III. Jury Instructions on Duress

¶37     Defendant contends that the trial court erred by failing to instruct the jury that duress is a defense to (1) felony murder and (2) second degree murder. We disagree.

¶38     The trial court is required properly to instruct the jury on the law applicable to the case. People v. Oslund, 2012 COA 62, ¶15. A defendant is entitled to an affirmative defense instruction if he presents some credible evidence to support each element of the defense. § 18-1-407(1), C.R.S. 2011; People v. Speer, 255 P.3d 1115, 1119 (Colo. 2011); Oslund, at ¶16. Whether a defendant has met this burden is a question of law that we review de novo, considering the evidence in the light most favorable to the defendant. See O’Shaughnessy v. People, 2012 CO 9, ¶13; People v. Palomo, 272 P.3d 1106, 1110 (Colo. App. 2011).

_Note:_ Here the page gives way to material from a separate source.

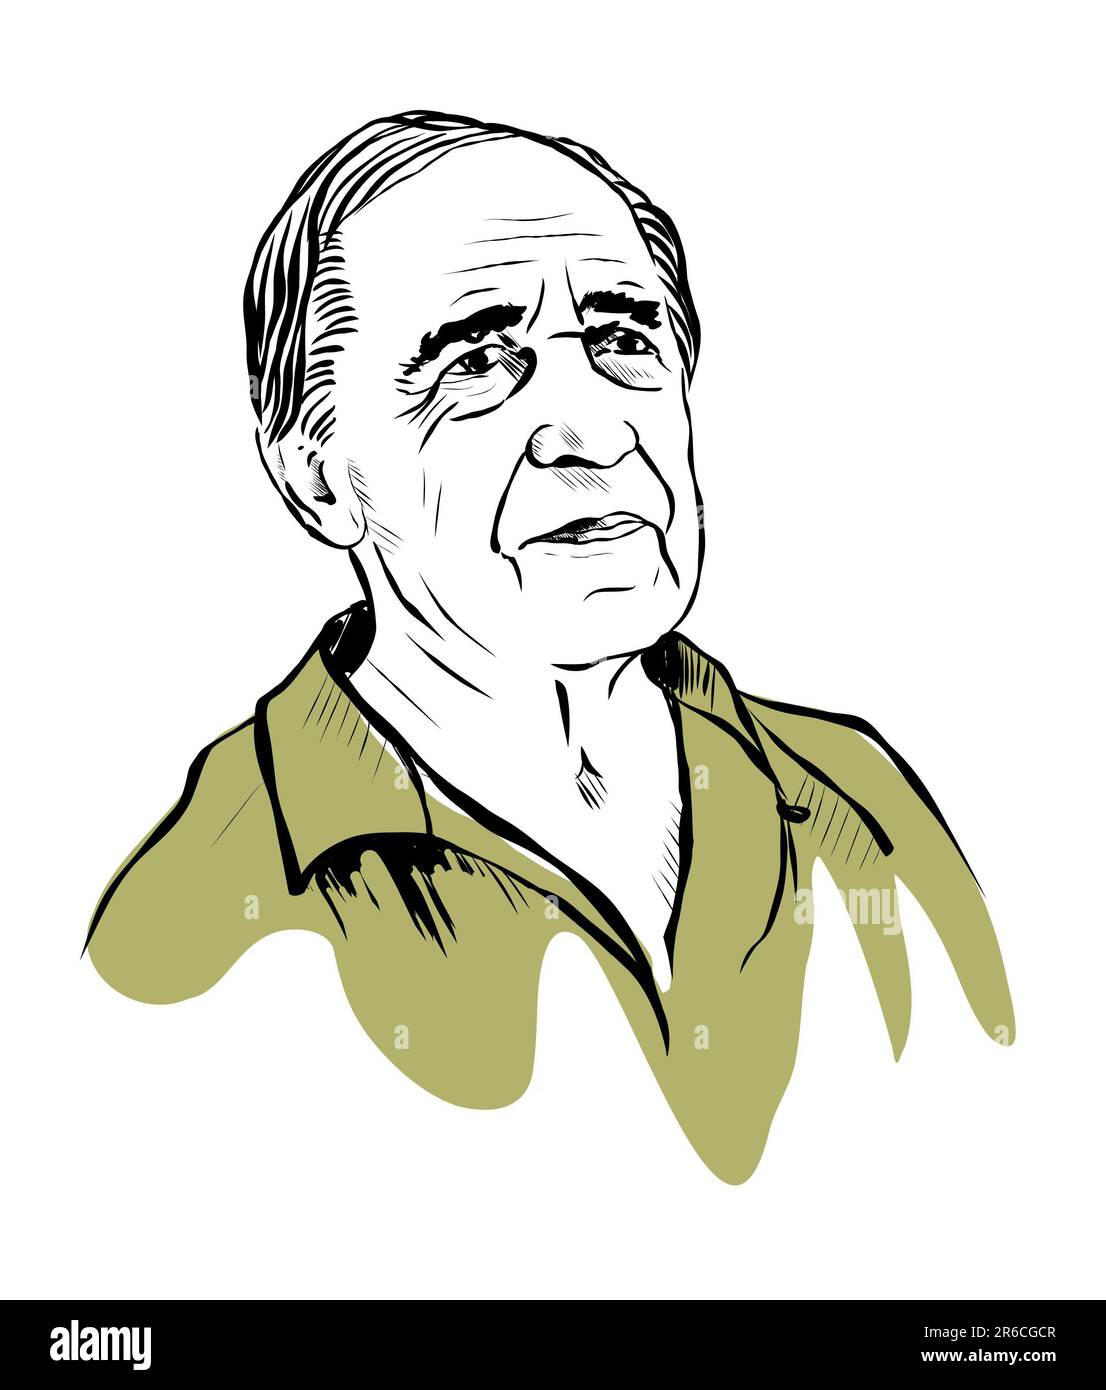 Pierre Boulez portrait image, illustration, hand drawn sketch isolated on white background Stock Photo
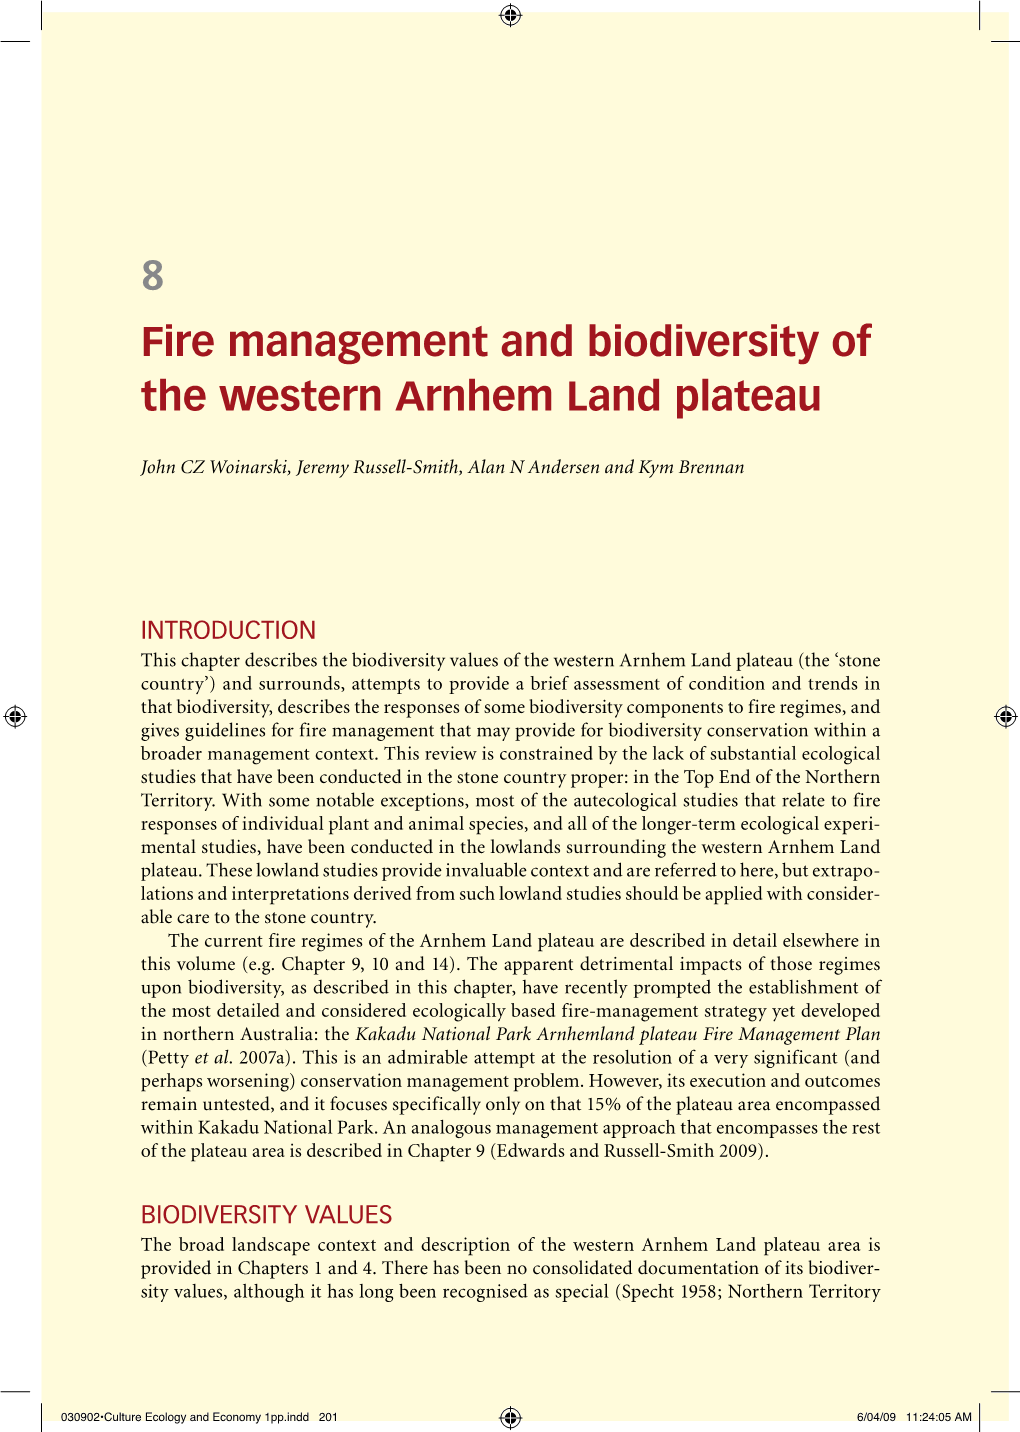 8 Fire Management and Biodiversity of the Western Arnhem Land Plateau

¶39     Section 18-1-708 provides that duress is not a defense to class 1 felonies. Felony murder is a class 1 felony. § 18-3-102(3), C.R.S. 2011. Thus, duress is not a defense to felony murder. People v. Al­Yousif, 206 P.3d 824, 830-31 (Colo. App. 2006).

¶40     Regarding the second degree murder charge, defendant testified that a GKI member threatened to kill his family if he did not repay his debt and then gave him a gun. Another GKI member drove defendant to the convenience store, and waited to drive him back to his apartment. However, defendant entered the convenience store alone and there was no evidence that any threats motivated defendant to shoot the clerk. In fact, defendant testified that the gun discharged accidentally, and that he had not intended to shoot anyone.

¶41     Based on this evidence, we conclude that although there was evidence to support a duress instruction on the attempted aggravated robbery charge, there was no evidence to support a duress instruction on the second degree murder charge. See Speer, 255 P.3d at 1118-19 (“We have consistently construed our own statute . . . as making the defense of duress . . . unavailable in the absence of a specific and imminent threat of injury under circumstances leaving the defendant no reasonable alternative other than to violate the lawfor which he stands charged.” (emphasis added)); Palomo, 272 P.3d at 1110; People v. Yaklich, 833 P.2d 758, 763 (Colo. App. 1991).

¶42     Therefore, we conclude that the trial court did not err by refusing to instruct the jury that duress was a defense to either felony murder or second degree murder.

IV. Challenge for Cause

¶43     Defendant contends that the trial court erred by denying his challenge for cause to a potential juror because she consistently expressed doubt about her ability to be fair and impartial. We disagree.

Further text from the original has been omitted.